Transdermal nicotine patches with low-intensity support to aid smoking cessation in outpatients in a general hospital. A placebo-controlled trial
- PMID: 8130921
- DOI: 10.1001/archfami.2.4.417
Transdermal nicotine patches with low-intensity support to aid smoking cessation in outpatients in a general hospital. A placebo-controlled trial
Abstract
Objective: To assess whether transdermal nicotine patches combined with low-intensity support can help outpatients in a general hospital stop smoking.
Design: Randomized, double-blind, placebo-controlled trial with 12 weeks of follow-up.

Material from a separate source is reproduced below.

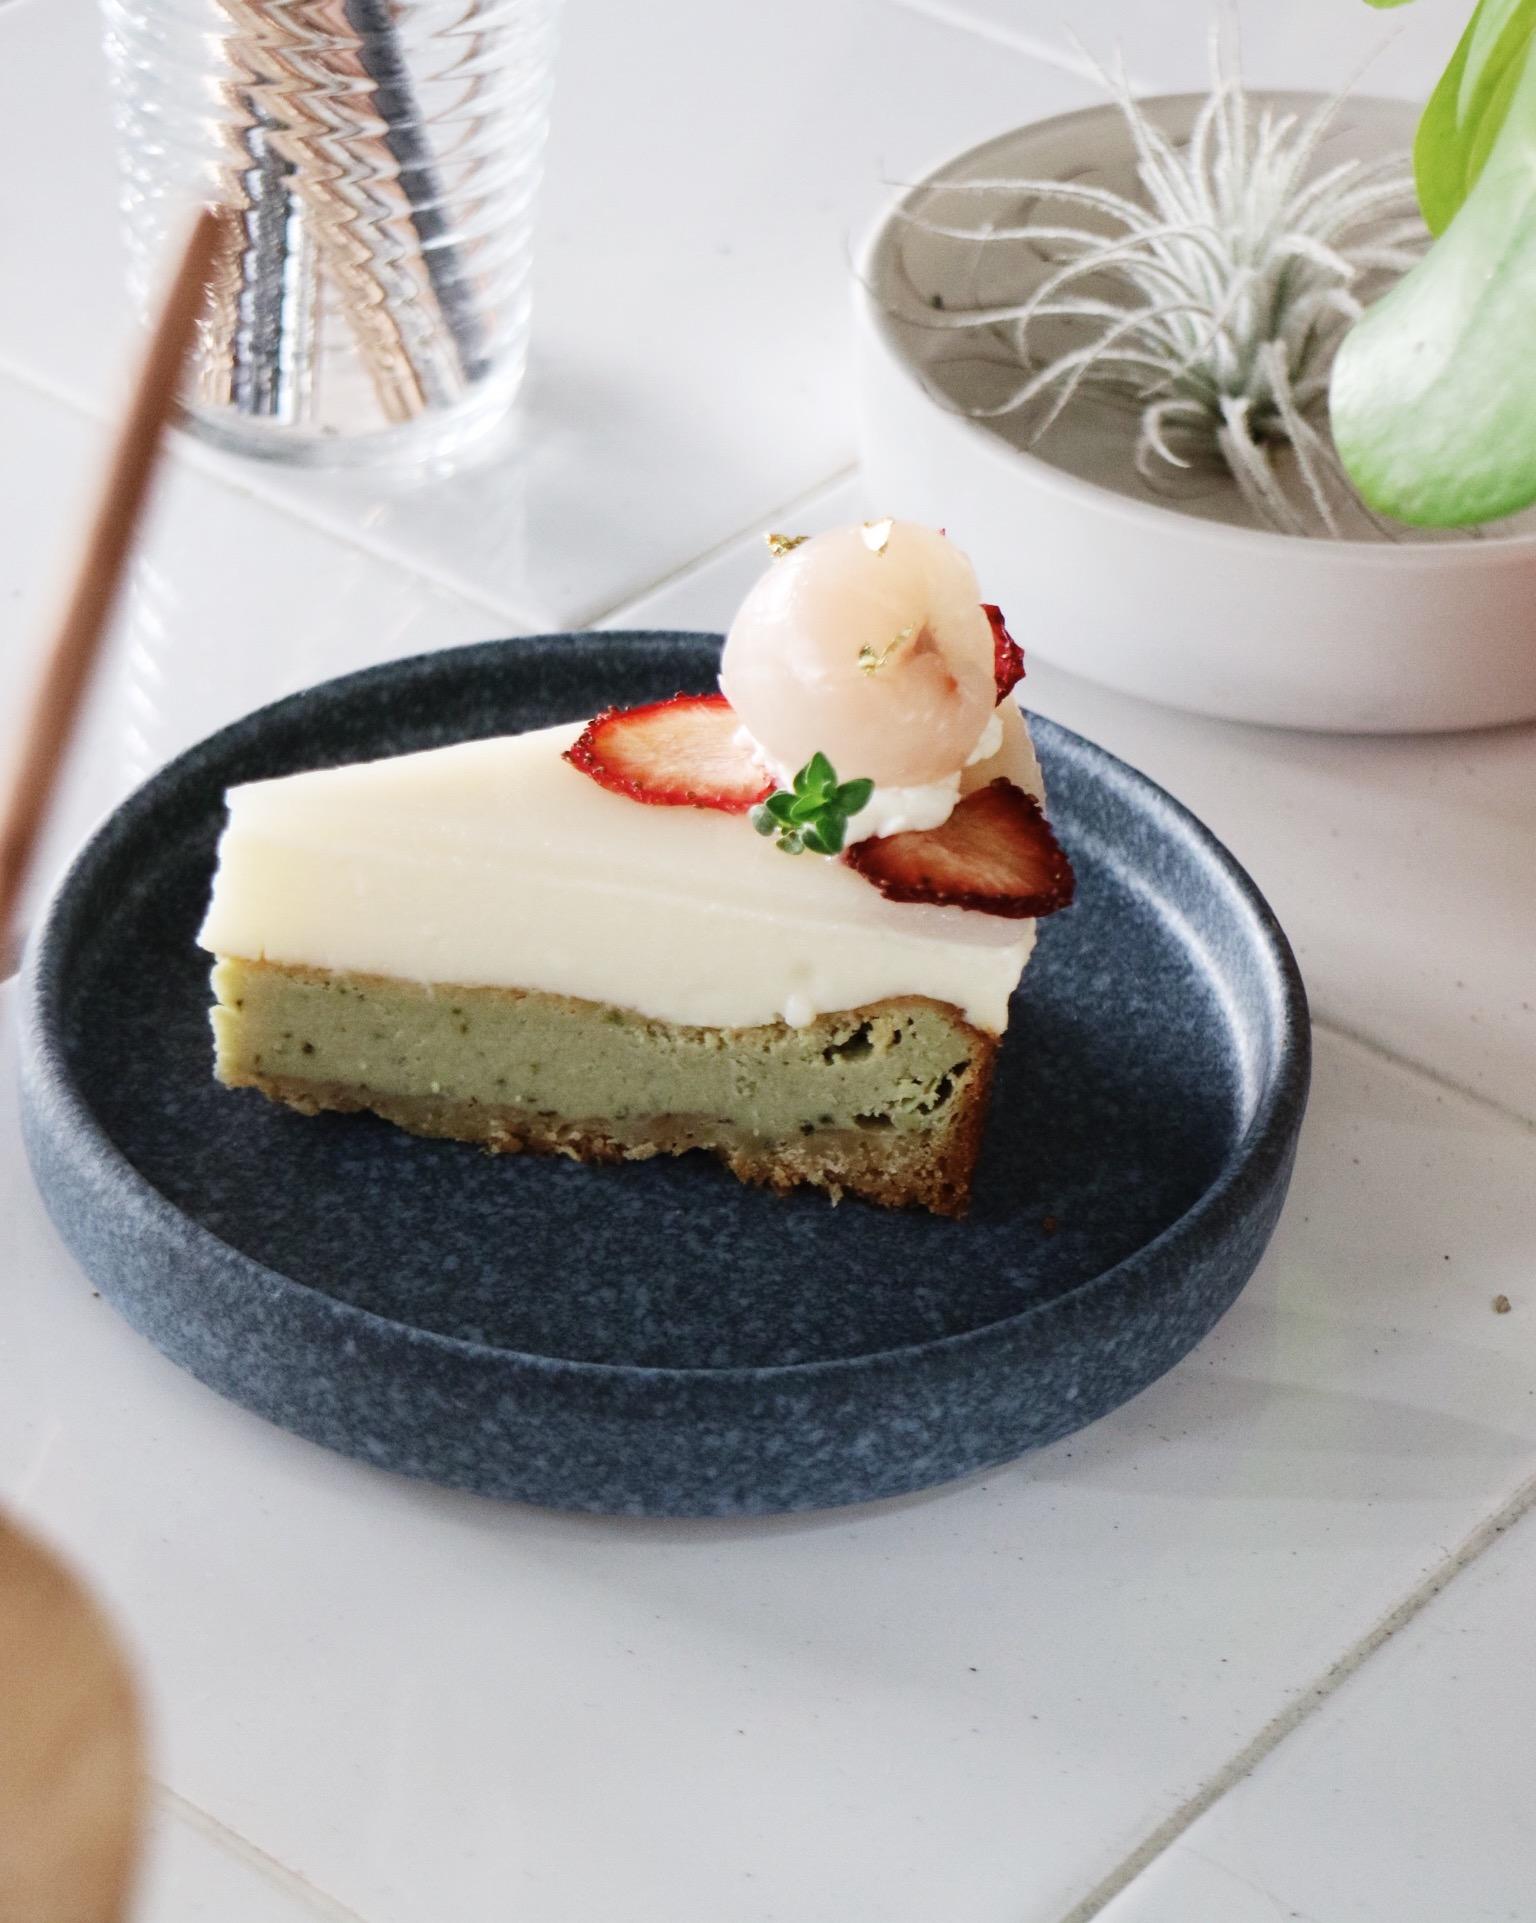 Lychee oolong cheesecake
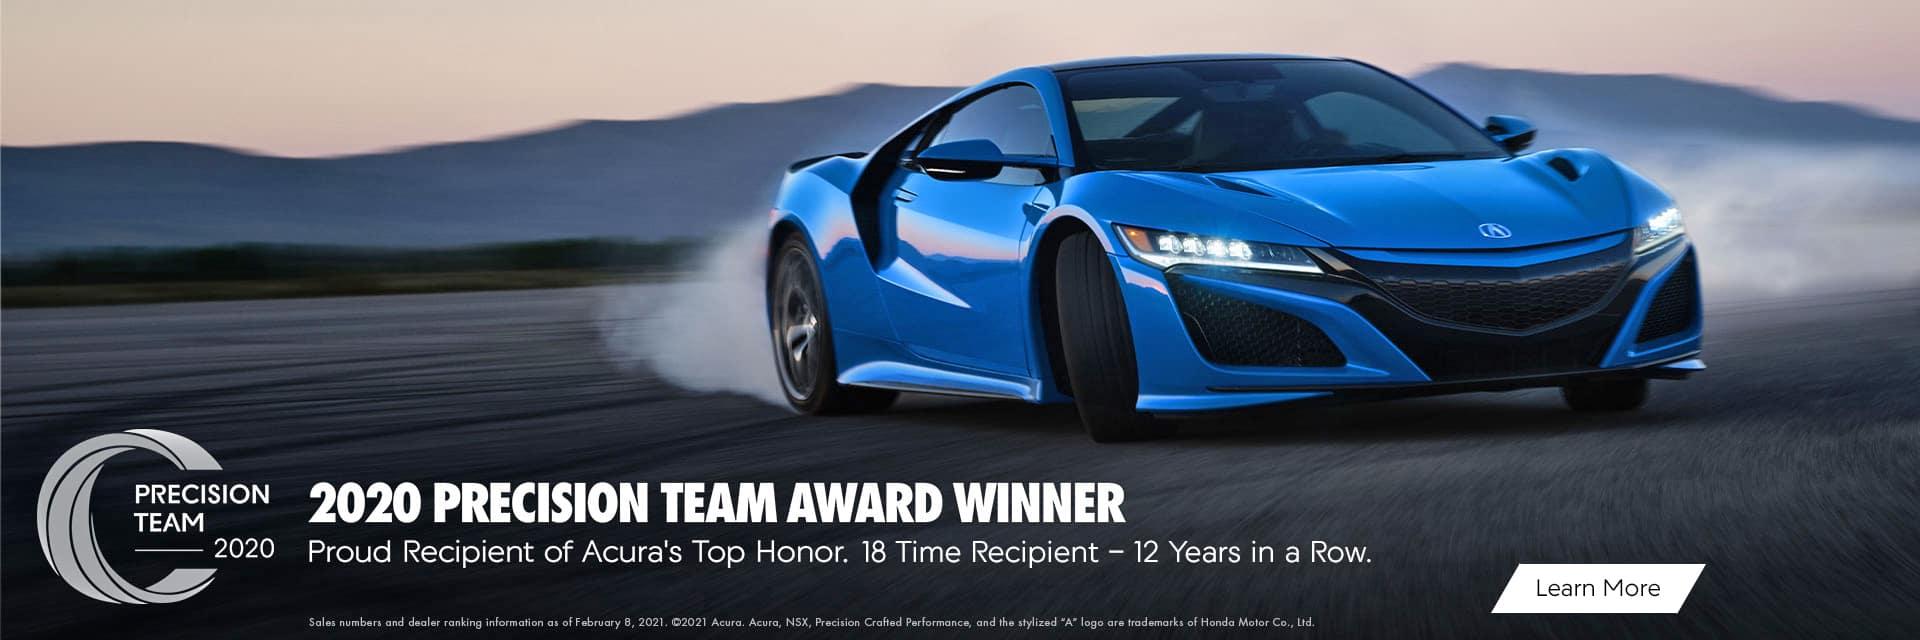 Acura Precision Team Award Winner 2020 Sunnyside Acura Nashua NH 03063

Setting: Department of Thoracic Medicine in an inner-city public general hospital, London, England.
Subjects: Two hundred forty-eight outpatients in a general hospital, who smoked at least 10 cigarettes per day (the majority were being treated for smoking-related diseases), referred by clinicians at the hospital.
Intervention: Brief advice to stop smoking and daily application of transdermal nicotine patches (delivering 15 mg over 16 hours) or placebo, with follow-up appointments at 1, 3, 6, and 12 weeks, with a doubling of the dosage for continuing smokers at week 1.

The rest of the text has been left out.